Weak Report on Business Investment to End 2019: The preliminary December report on durable goods orders was extremely disappointing and does nothing to assuage concerns about slowing economic activity heading into year-end.  Headline orders rose 2.4%, much stronger than expected, on a massive, 168.3% jump in defense aircraft orders.  Excluding the volatile transportation items, durable goods orders fell 0.1%, below expectations for a 0.3% gain.  Moreover, November’s ex-transportation orders were revised down from -0.1% to -0.4%.  The weakness was relatively broad-spread.  The key indicators of business investment in equipment, core capital goods orders and shipments both contracted.  Shipments of core capital goods items (non-defense, excluding volatile aircraft orders), an indicator of current-quarter business investment, were expected to rise 0.2% MoM but fell 0.4%.  Orders of core capital goods items, an indicator of future business investment, fell 0.9% MoM, the second-weakest reading of 2019. There were also negative revisions to November’s figures. In fact, five of the last six reports have been relatively disappointing, with October being the lone exception, and December’s report arguably the most disappointing. Bottom Line: In concert with some weaker consumption reports to end 2019, the soft report on business investment, and durable goods more broadly, will increase concerns of just how much the economy was slowing coming into 2020.

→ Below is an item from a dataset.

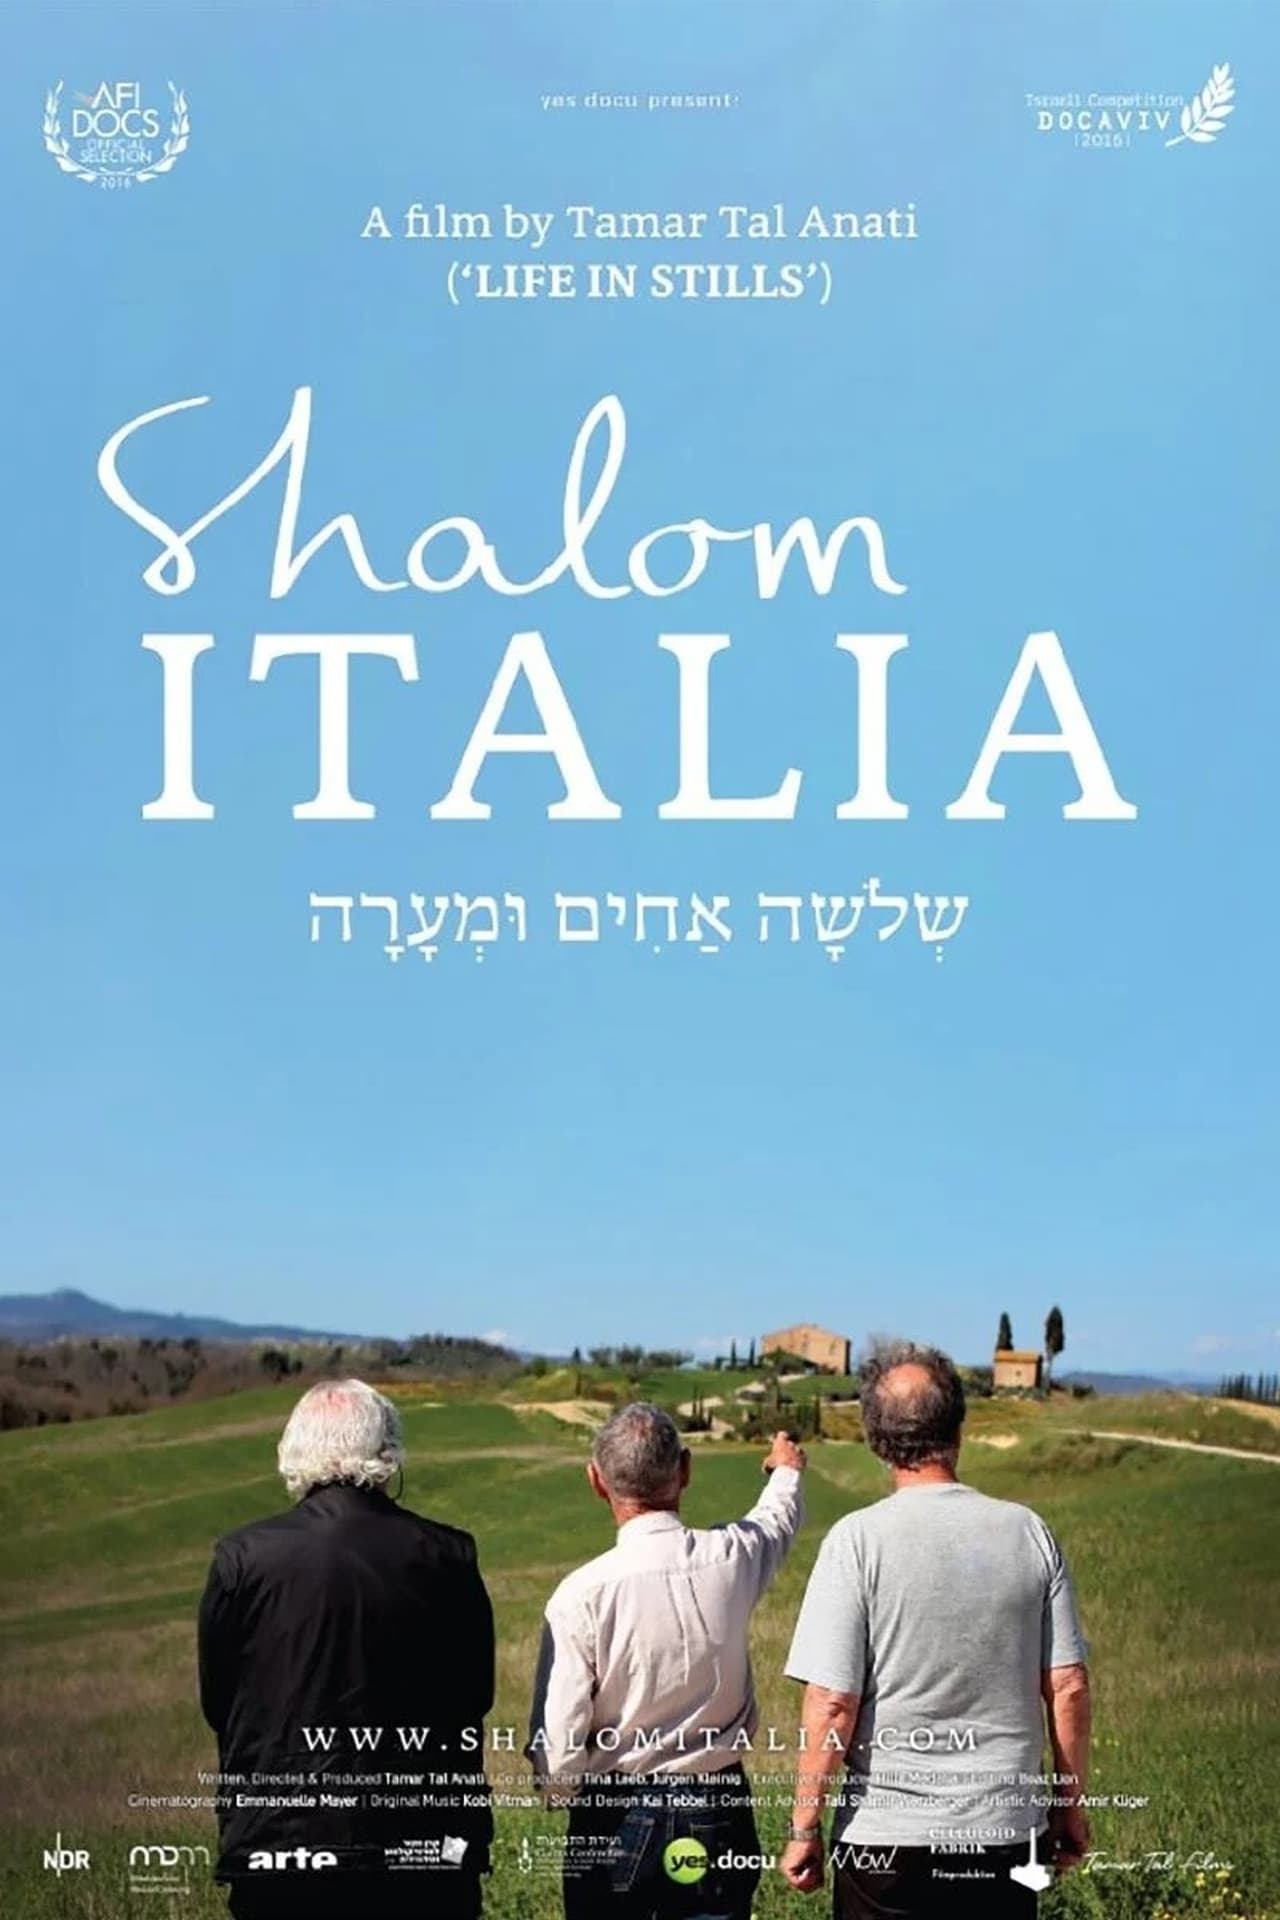 Shalom Italia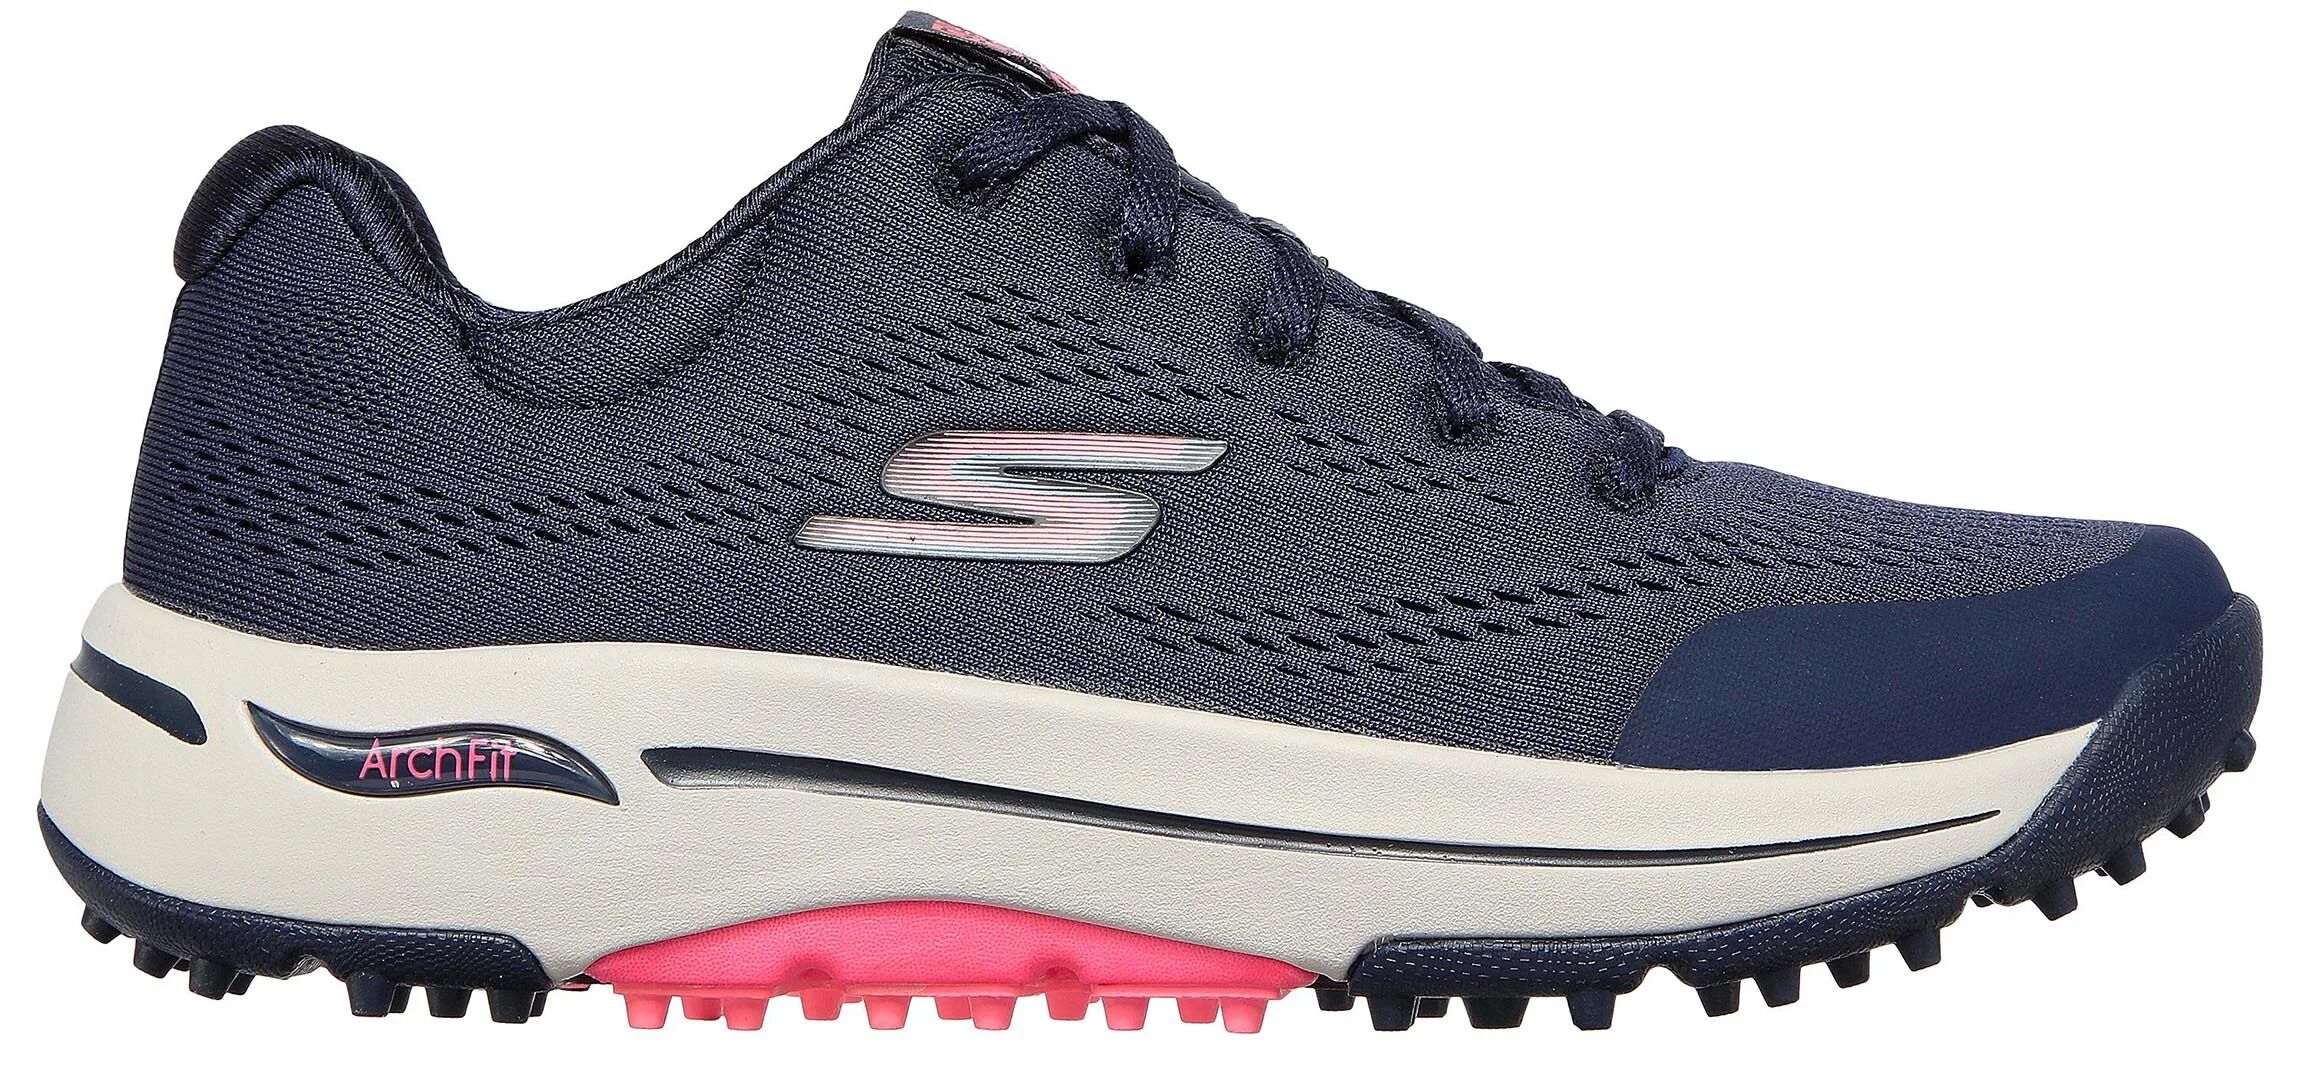 Skechers Womens GO GOLF Arch Fit Balance Golf Shoes - Navy/Pink - 6.5 - MEDIUM

FOMC Meeting, Apple Earnings, Home Prices, Consumer Confidence: The FOMC’s two-day meeting kicks off today with results announced tomorrow.  At 8:00 a.m. CT, the November report on home prices from S&P CoreLogic is expected to show the pace of home price gains stabilizing and possibly accelerating.  At 9:00 a.m., the Conference Board’s January report on Consumer Confidence is expected to show confidence tick slightly higher.  Also on the calendar after the market close today are key earnings reports from Apple and Ebay.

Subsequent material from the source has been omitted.